Много городов я повидала на нашей Земле, много рек, своим течением украшающих эти города. Отдаю должное и задумчивой Сене в Париже, и милой Влтаве, ласково отражающей старинные здания и мосты Праги, и мощи Дуная, разрезающего на две части прекрасный Будапешт и голубой границей омывающего уютную Братиславу; любовалась отражением ночных огней Каира в мутных водах Нила и своеобразием Жемчужной реки, испещренной парусами джонок, в Кантоне, и плавным изгибом Амура вокруг Хабаровска, и прелестью Днепра, открывшейся мне в лунную ночь с Владимирской соловьиной горки… все хороши, приманчивы, в каждую из рек хотелось бросить монетку, «чтоб вернуться», — и все же нет для меня города пленительней Ленинграда, а в нем нет места пленительней вот этого, с разливом Невы между расступившихся берегов. Так все здесь строго и соразмерно. Вглядишься в эту неяркую, неброскую красоту — и не оторваться.

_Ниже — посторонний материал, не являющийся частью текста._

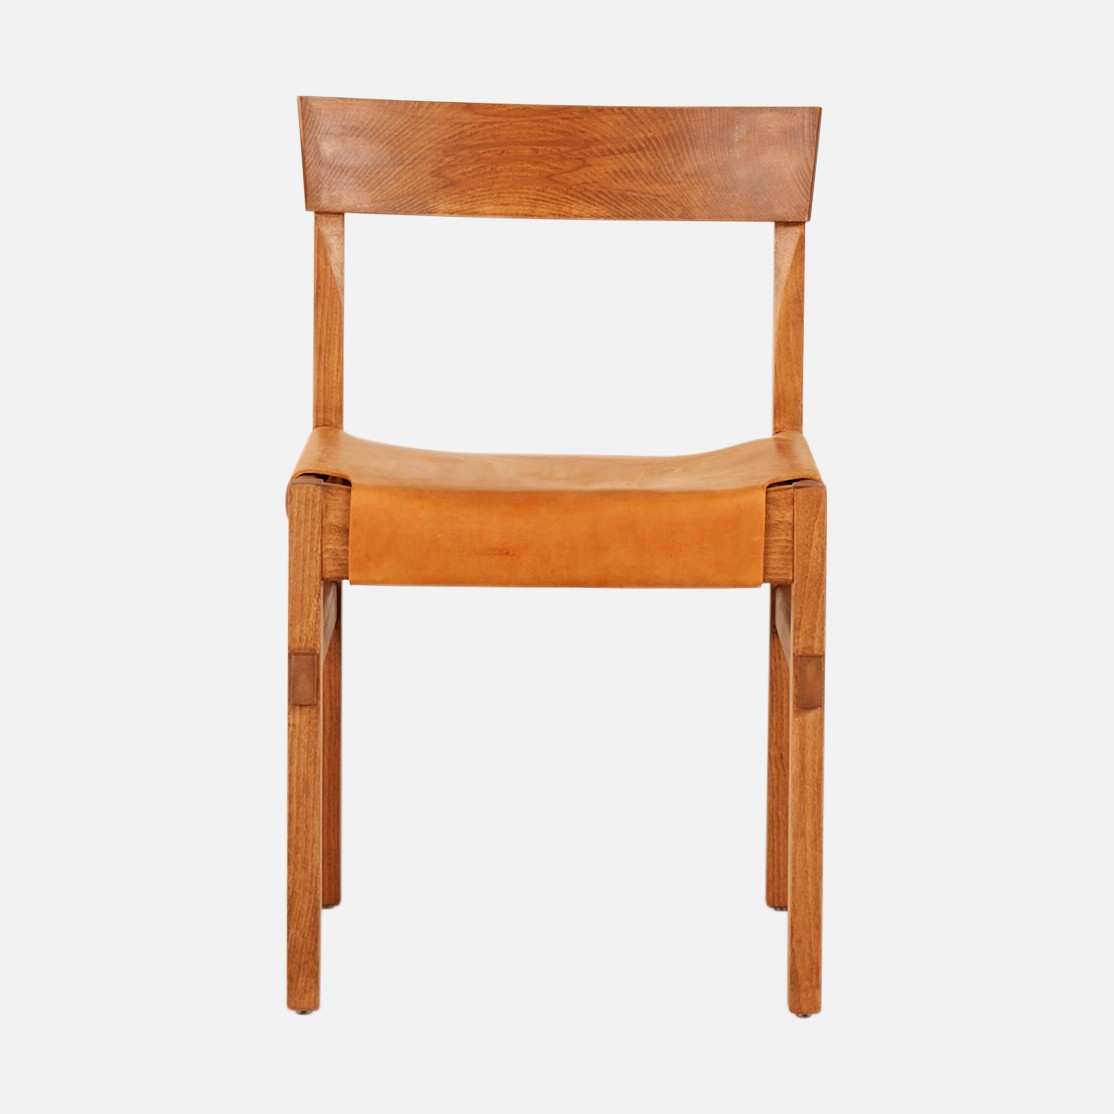 a wooden chair against a white background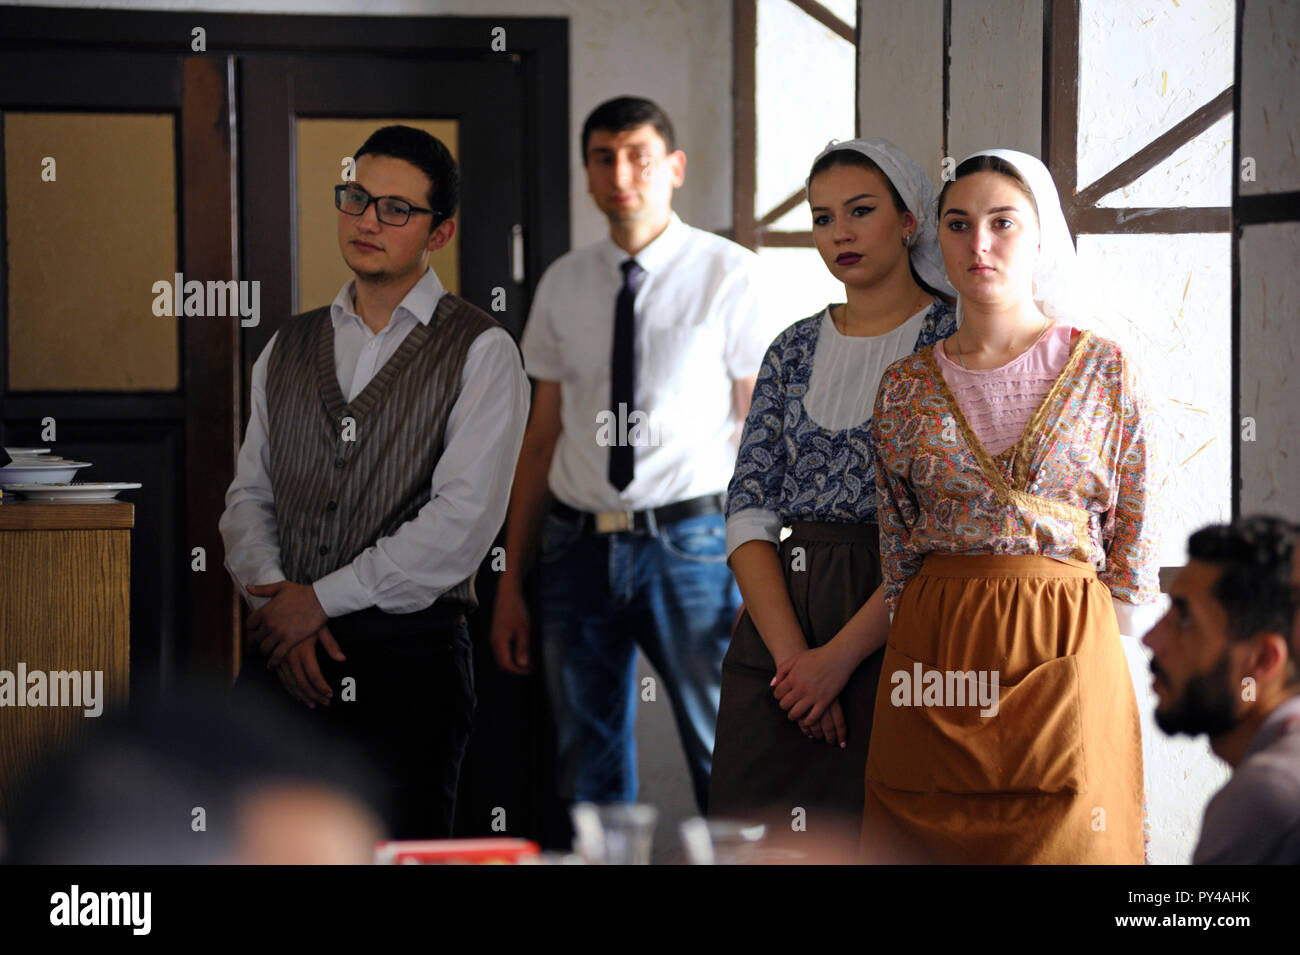 At the Tatar restaurant: waitresses and waiter in Tatar native dress standing by counter while people eating at tables. September 8,2018. Kiev,Ukraine Stock Photo

Женский смех, легкий, еле слышный, возник и замер.
Откуда?
Неподалеку от меня на гранитном спуске к воде — две неподвижные фигуры под одним пиджаком внакидку, две головы, темная стриженая и светлая, с россыпью длинных волос, — висок к виску…
Чему она засмеялась? Кто они? Будут ли они еще когда-либо так счастливы, как сейчас, и понимают ли они это? Сколько чуткости, терпения и великодушия нужно, чтобы удержать, сберечь то, что так сильно и дорого им сегодня? Что их ждет, этих двух? Какие преодоления, какая житейская неразбериха, какая ломка двух воль, двух характеров? Сумеют ли они?
Я не вижу — и все же вижу их лица, не слышу — и слышу их шепот. Еще в дымке начинают проступать очертания их судеб… Люди, живущие рядом с нею и с ним, а потому обладающие такой властью вмешательства… И не с гранитного спуска, а из будущего доносятся до меня их отчаянные, их взвинченные голоса…
Ознобом, как при лихорадке, возникает предчувствие темы.
Нет, оказывается, ни от чего я не убежала, все тут, во мне. И никого нет рядом. Стою одна — перед огромностью мира, со всеми своими желаниями и опытом, с ощущением громады несделанного и горечью оттого, что сделала меньше и хуже, чем могла бы, а наверстать не успеешь, впереди — меньше, чем позади, новые замыслы упираются, как в стенку, в неизбежные временные пределы. «Не хочу!» — кричи не кричи, не поможет. А ведь, кажется, только-только чему-то научилась в нашем беспощадном ремесле, где повторение удачного приема, даже своего собственного, уже неудача, где не существует ни всесоюзных, ни мировых «стандартов» и никто, кроме тебя самого, не может «поставить» твой голос!.. А я смогла? Безоглядно бросаясь в поток жизни, всегда в самую стремнину, то ли я делала? Так ли? Сумела ли сказать самое нужное и о самом важном людям, ради которых жила на свете, сама себе не давая отпуска?..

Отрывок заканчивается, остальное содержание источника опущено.